%%

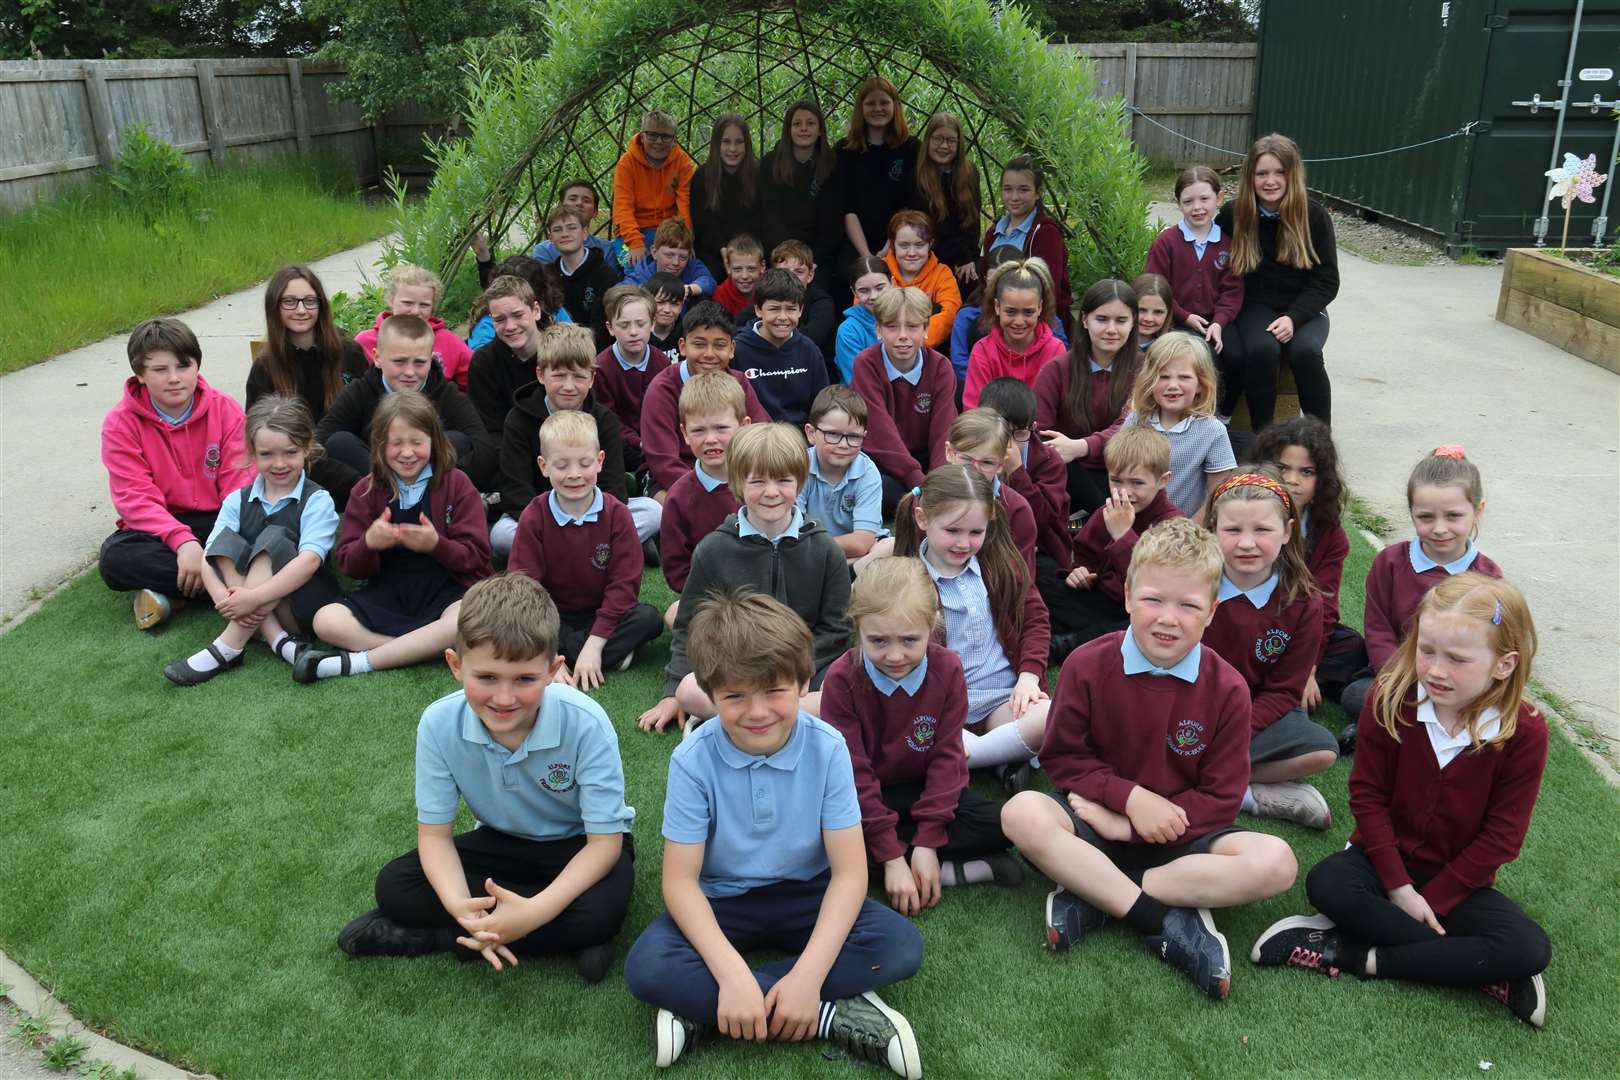 Pupils from P2 and P7 welcomed the addition to the school
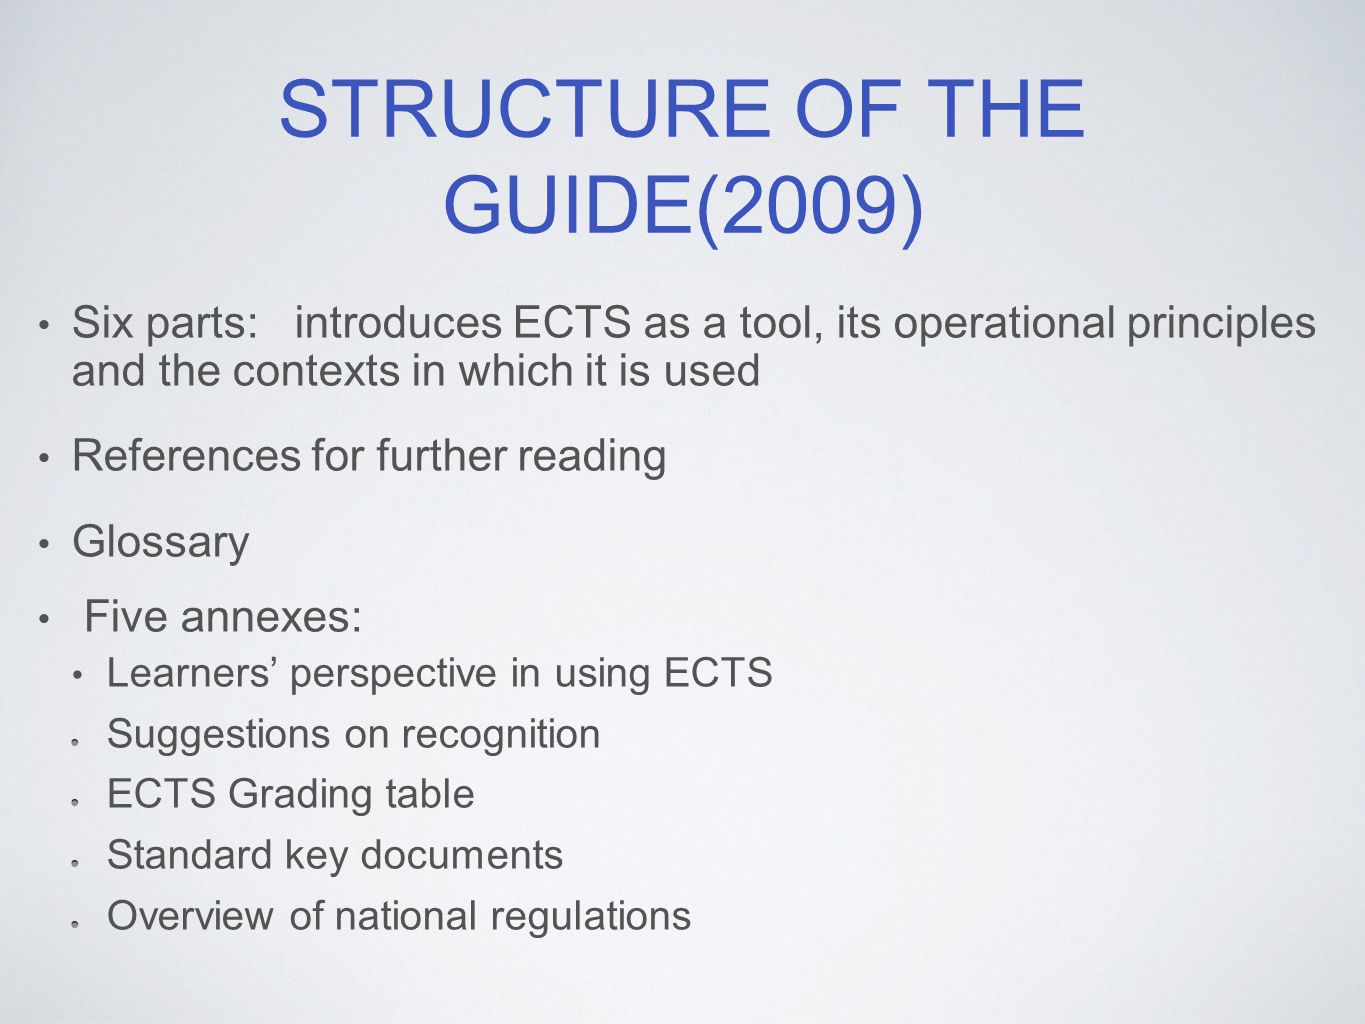 STRUCTURE OF THE GUIDE(2009) Six parts: introduces ECTS as a tool, its operational principles and the contexts in which it is used References for further reading Glossary Five annexes: Learners’ perspective in using ECTS Suggestions on recognition ECTS Grading table Standard key documents Overview of national regulations
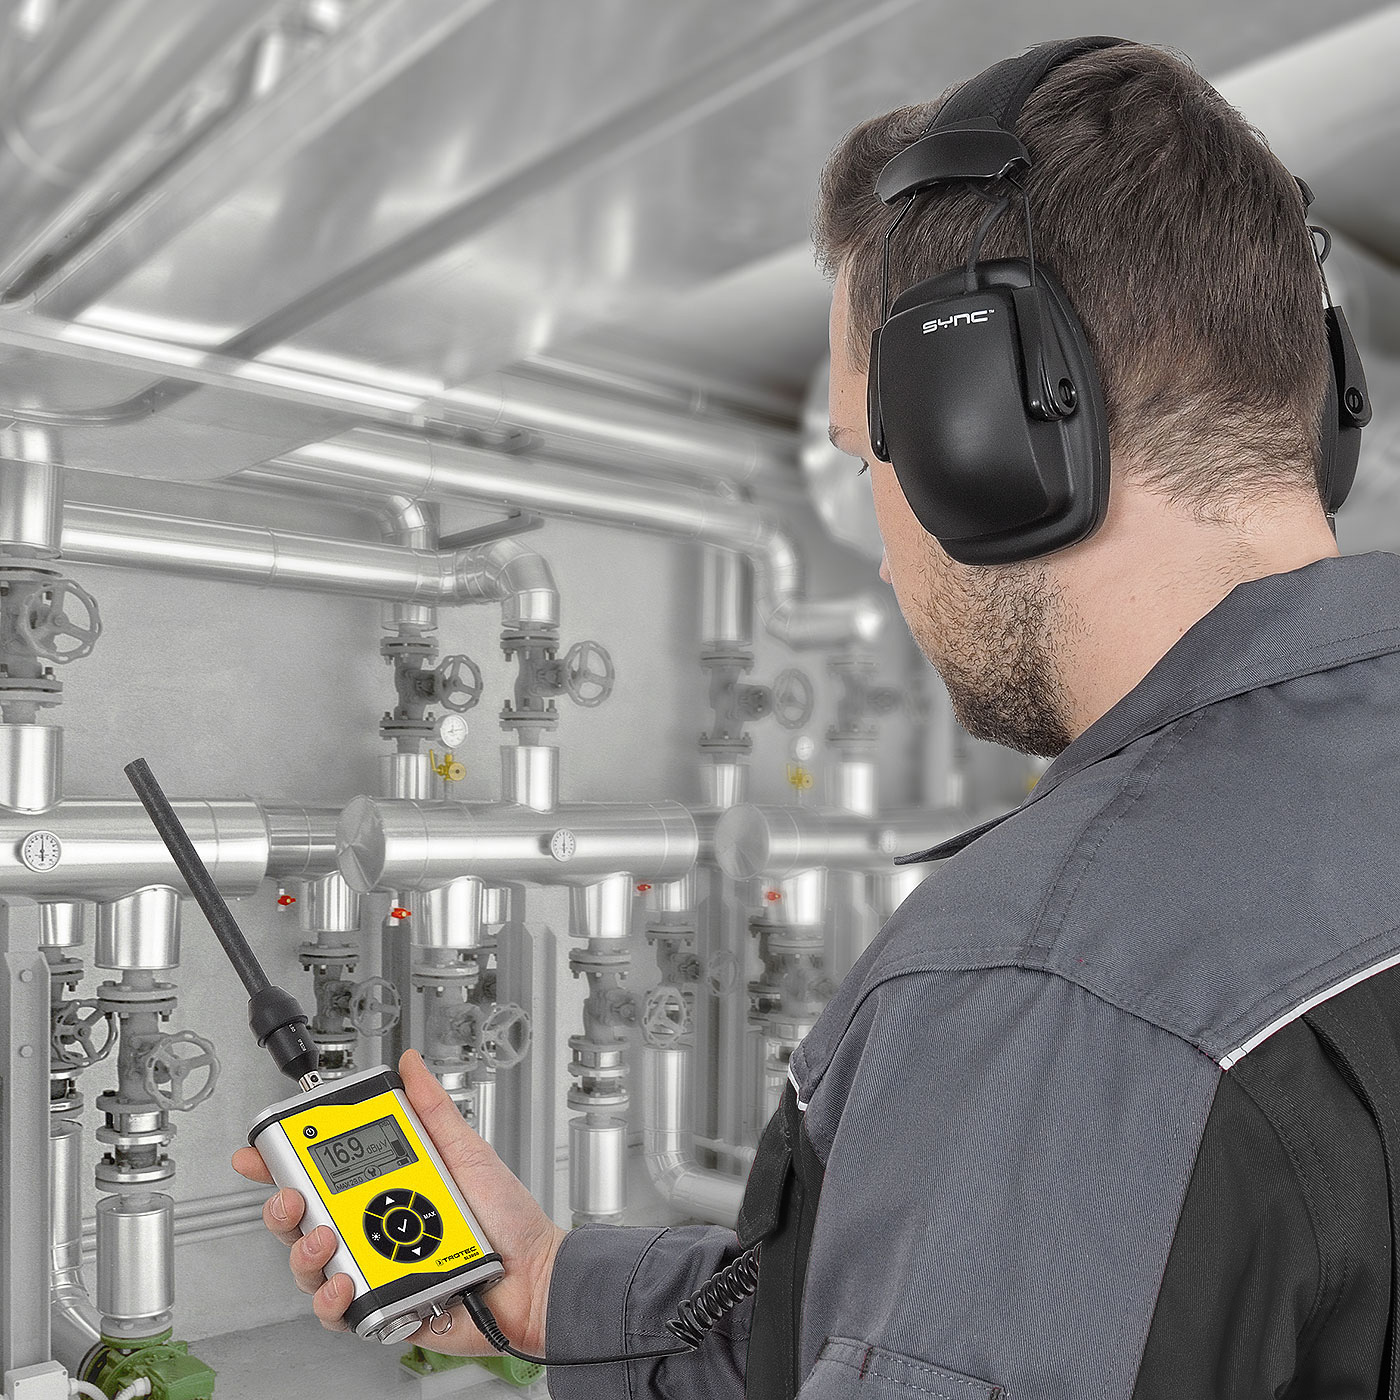 Ultrasonic measuring devices for the detection of compressed air leaks

%%

TASK GOAL >>
The output is the data above, repeated exactly, with pictures omitted.

EXERCISE ANSWER >>
 Pupils from P2 and P7 welcomed the addition to the school
 STRUCTURE OF THE GUIDE(2009) Six parts: introduces ECTS as a tool, its operational principles and the contexts in which it is used References for further reading Glossary Five annexes: Learners’ perspective in using ECTS Suggestions on recognition ECTS Grading table Standard key documents Overview of national regulations
 Ultrasonic measuring devices for the detection of compressed air leaks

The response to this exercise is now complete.